Марат ждал в тени двухэтажного кирпичного здания, того же, что послужило укрытием при первом свидании с Галимой. Мимо сновали старухи по своим насущным старушечьим делам – как его до сих пор не заметили, оставалось загадкой. Хотон бурлил, завершался третий день свадьбы.
Когда работаешь в грузовом движении, половина ночей – твоя. Ходить на работу надо уметь и к часу ночи, и к трём, и к пяти. К подобному распорядку следует готовиться загодя, желательно дома. Садишься с восьми вечера до восьми утра и смотришь в одну точку, стараясь не уснуть. Примерно так выглядела работа машиниста. Мало не уснуть, сегодня Клавдию Антоновичу следовало быть особенно внимательным. Пропустить отход Апостола нельзя – дело ответственное, но незаконное, поскольку невеста не достигла совершеннолетия. Упустишь момент – и безоблачное умыкание превратится в кромешную погоню.

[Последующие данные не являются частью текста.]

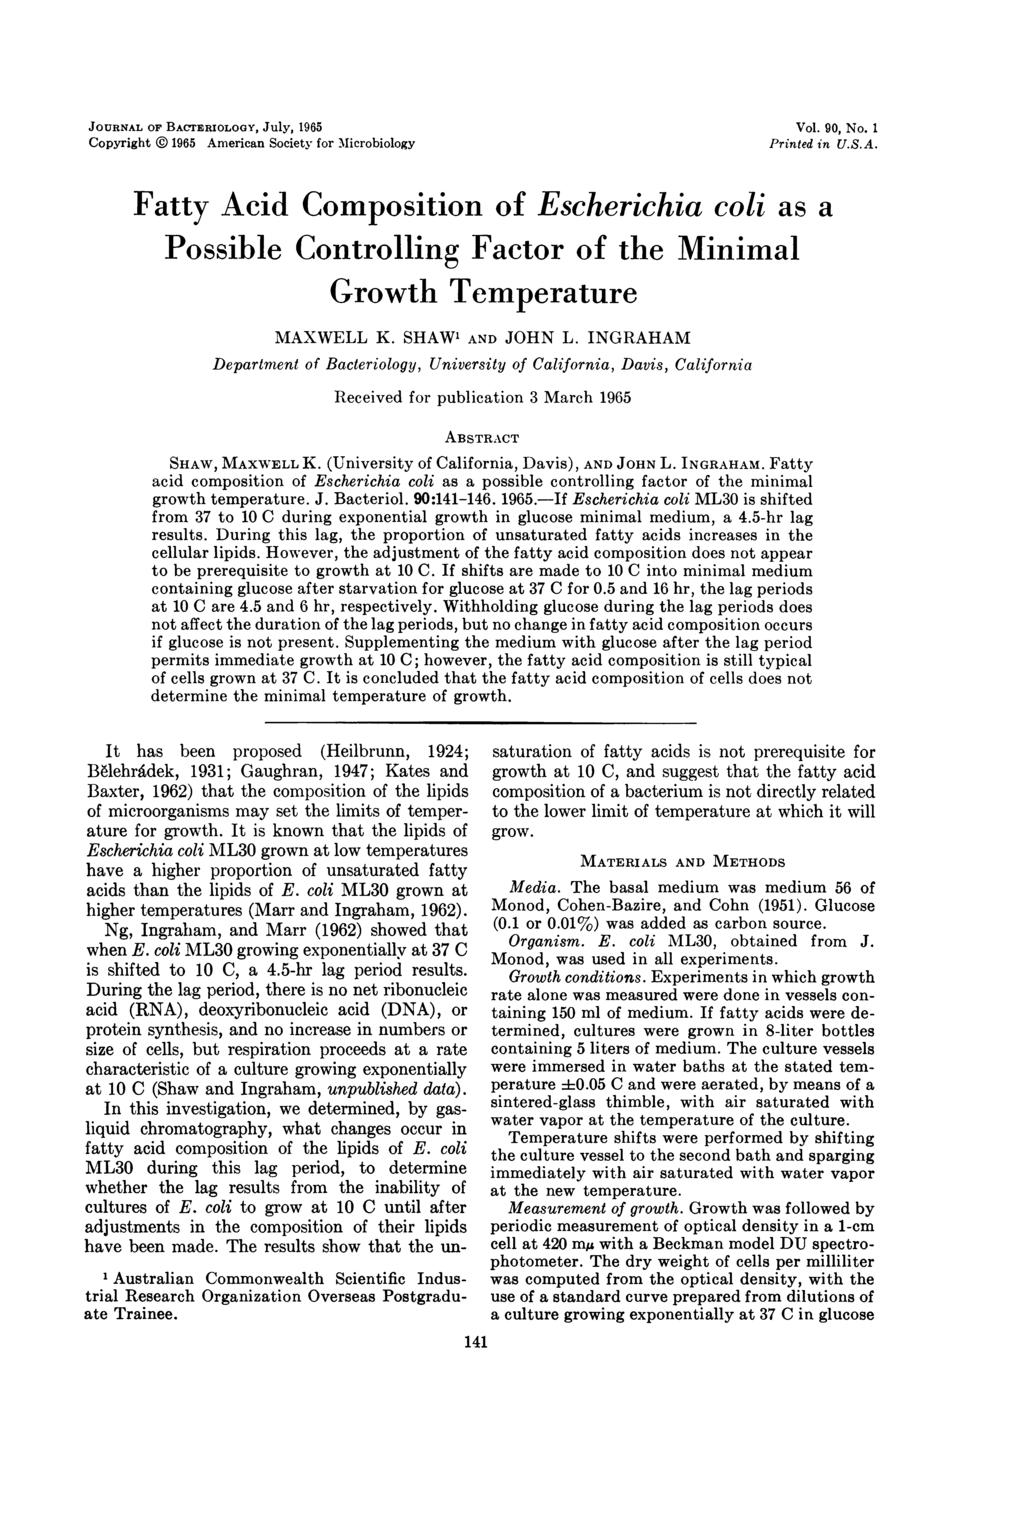 JOURNAL OF BACTERIOLOGY, JUly, 1965 Copyright @ 1965 American Society for MIicrobiology Vol. 9, No. 1 Printed in U.S.A. Fatty Acid Composition of Escherichia coli as a Possible Controlling Factor of the Minimal Growth Temperature MAXWELL K.
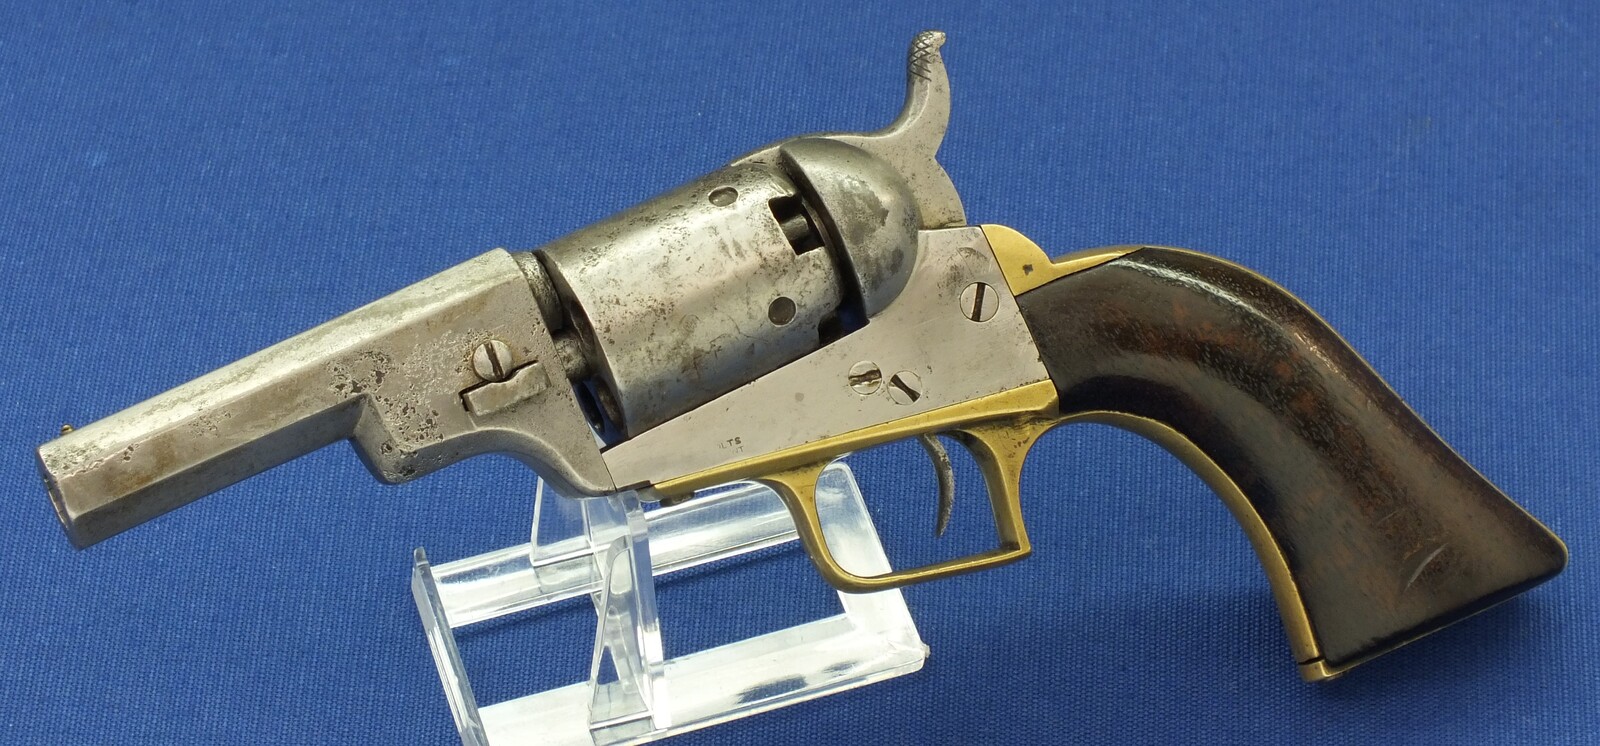 A rare antique American Colt Model 1848 Baby Dragoon 5 shot Pocket Percussion Revolver. 31 Caliber. 3 inch Barrel with New York address. Length 23cm. in good/very good condition. Price 3.350 euro.

На сей раз Пересунько не сплоховал. Влюблённые чинно и неспешно покидали пределы хотона, справедливо полагая, что бегущие люди привлекут внимание. Шли, не оглядываясь, наслаждаясь романтикой бытия. Но машинист из высокой кабины уследил то, что им видеть было не дано. Позади из густых терновых кустов одна за другой появлялись фигуры преследователей. Не докричаться, не предупредить!
И машинист принял единственно верное решение, реабилитировавшись в собственных глазах после конфуза с аварией. Чтобы заставить Марата и Галиму ускорить бегство, следовало самому начать движение. Локомотив издал протяжный гудок и тронулся с места к станции. Марат, поражённый вероломством начальника, оставался бездеятельным не более секунды. Столько времени понадобилось ему, чтобы срисовать обстоятельства, и расценить, что локомотиву ни спереди ни сзади ничто не угрожает. Значит, причина другая.
Апостол развернулся. Протяжный визг возвестил об истинных намерениях гонителей…
Марат не позволил Галиме долго предаваться ужасу, парализовавшему волю. Рванул её за рукав, увлекая вслед удалявшемуся локомотиву. Она едва поспевала. Зависала, будто теряя опору под ногами. Погоня безжалостно приближалась.
Клавдий Антонович дождался, когда расстояние между тепловозом и беглецами сократилось достаточно для завершающего манёвра. Глазомер не подвёл опытного машиниста. Он дал по тормозам, издавшим вой, позволив Марату в несколько прыжков достичь локомотива.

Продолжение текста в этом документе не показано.